Quando foram marcados os primeiros julgamentos da lei, no início deste mês de novembro, o site www.aavaz.org, que promove mobilizações pela rede mundial de computadores, pediu a participação dos brasileiros para pressionar os juízes do STF em prol da nova legislação. O resultado foi que, em poucos dias, quase 96 mil pessoas entraram no site da ONG e assinaram um documento, enviado aos juízes do STF, no qual pediam a declaração da constitucionalidade da nova lei. Com isso, a corte acabou adiando sua decisão.

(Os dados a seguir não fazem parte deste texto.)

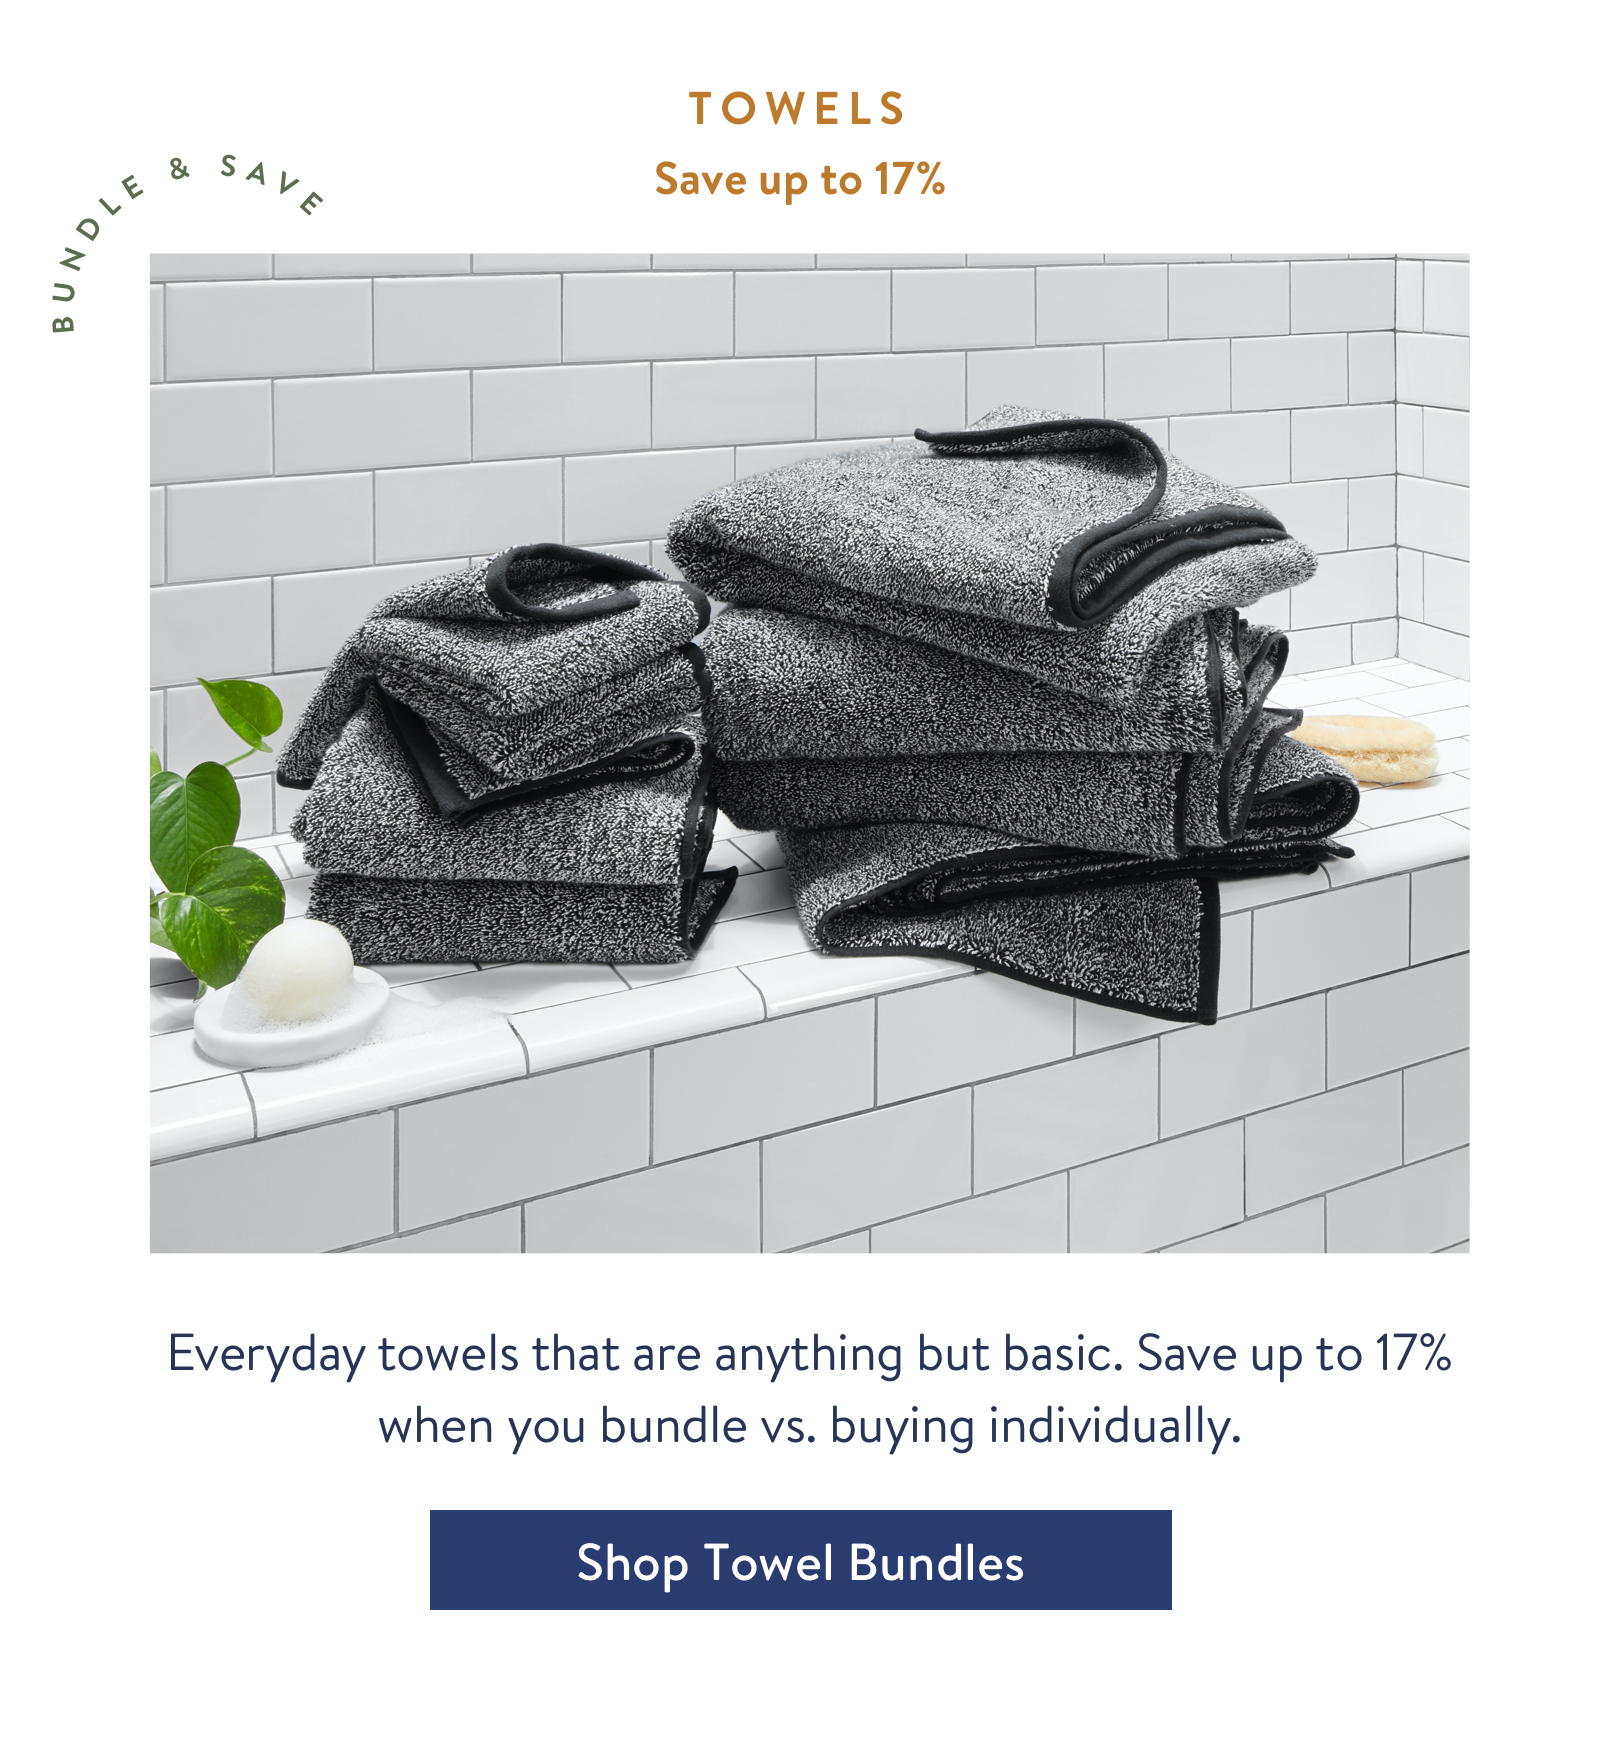 Towel Bundles - Everyday towels that are anything but basic. Save up to 17% when you bundle vs. buying individually.

Com certeza, a Lei da Ficha Limpa ainda enfrentará alguns percalços até ser declarada plenamente constitucional – o que deve ocorrer apesar dos seus poderosos opositores. No entanto, quem viu a luta para sua aprovação, contra todos os prognósticos, sabe quem os brasileiros não se intimidarão com as dificuldades. Quando foi apresentado o projeto à Câmara, um deputado afirmou a Chico Whitaker, um dos principais líderes do MCCE, que era mais fácil um boi voar do que a proposta ser aprovada. No caso, o boi voou e a proposta foi aprovada com louvor. A expectativa popular é que isso continue ocorrendo. Imaginamos que os ministros do STF não se atreverão a jogar no lixo uma lei apresentada por 1,3 milhão de brasileiros e aprovada por outros 2 milhões na rede mundial.

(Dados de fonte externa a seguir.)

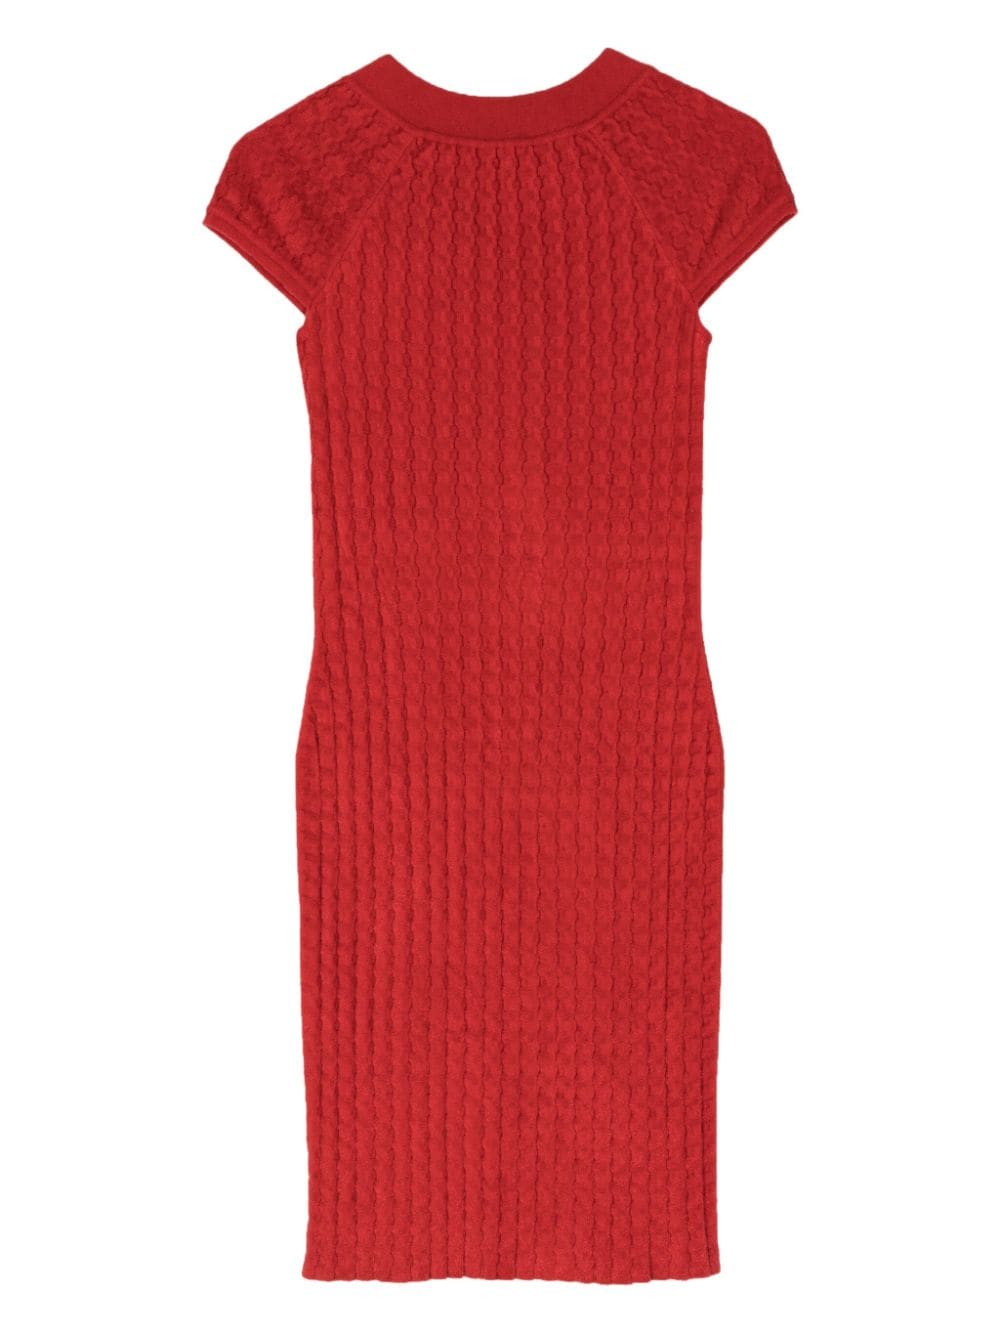 CHANEL Pre-Owned bouclé-knit midi dress - Rood

Seria, se ocorresse, um enorme retrocesso para a causa da moralização da política no Brasil e produziria efeitos nefastos à vontade popular por mudanças nessa área tão sensível.A Lei da Ficha Limpa, afinal, foi fruto de uma legislação que prevê a iniciativa popular, ou seja, que o povo pode participar efetivamente do processo legislativo ao apresentar leis, com  assinatura de 1% dos eleitores (cerca de 1,3 milhão de pessoas), que o Congresso tem obrigação constitucional de acatar e fazer tramitar em regime de urgência.

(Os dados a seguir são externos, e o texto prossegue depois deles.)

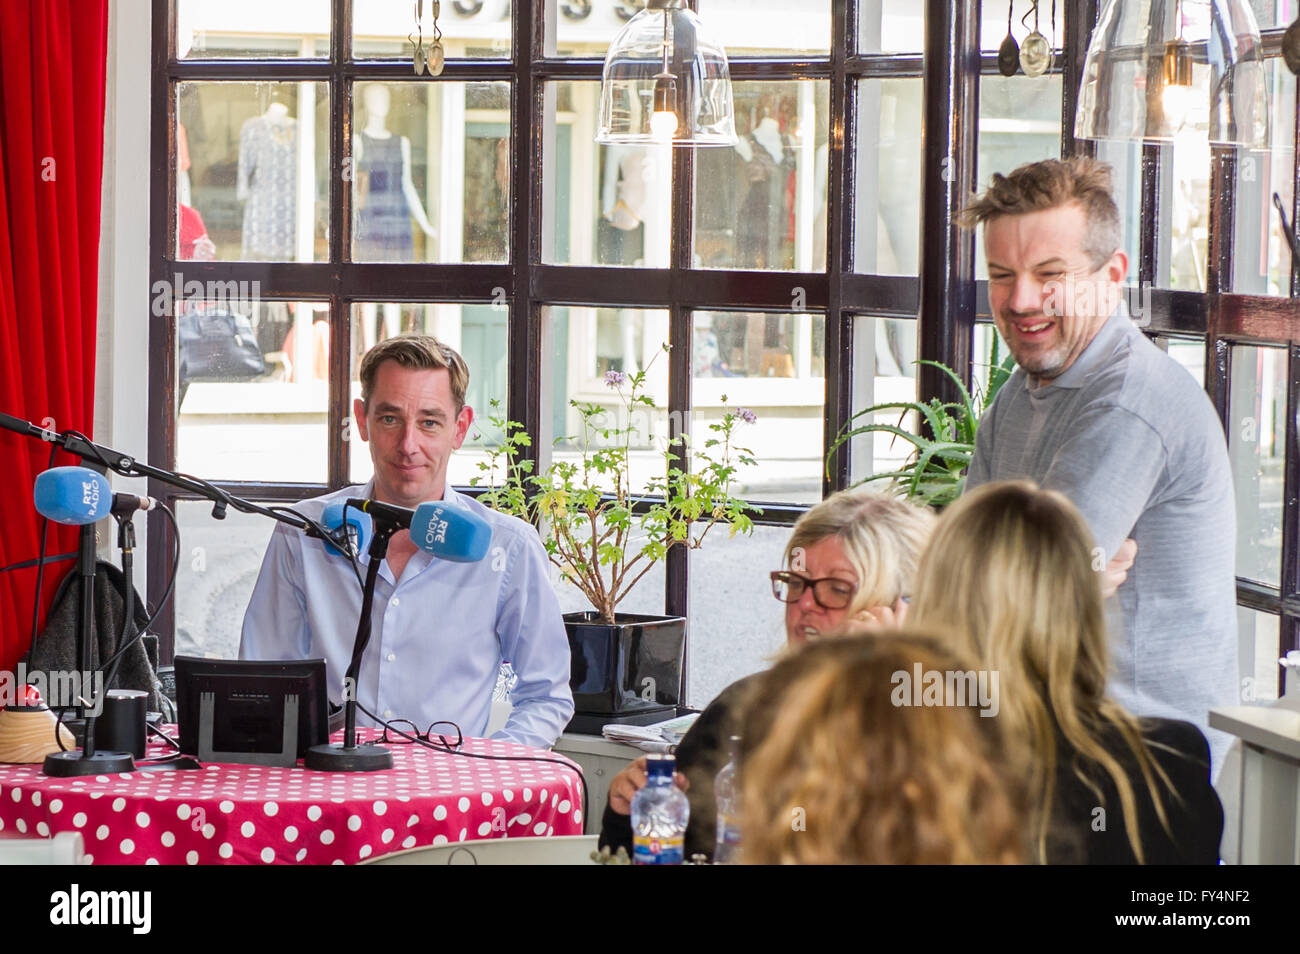 RTE star Ryan Tubridy takes time out from presenting his radio show in the Good Things Cafe in Skibbereen, West Cork, Ireland. Stock Photo

*Moacir Assunção é jornalista, professor universitário da Universidade São Judas Tadeu (USJT) e autor, junto com o advogado Marcondes Pereira Assunção, do livro Ficha Limpa – a lei da cidadania – manual para brasileiros conscientes, lançado em dezembro de 2010 pela Editora Realejo.  Como repórter político, foi um dos jornalistas brasileiros que mais escreveu sobre a Lei da Ficha Limpa.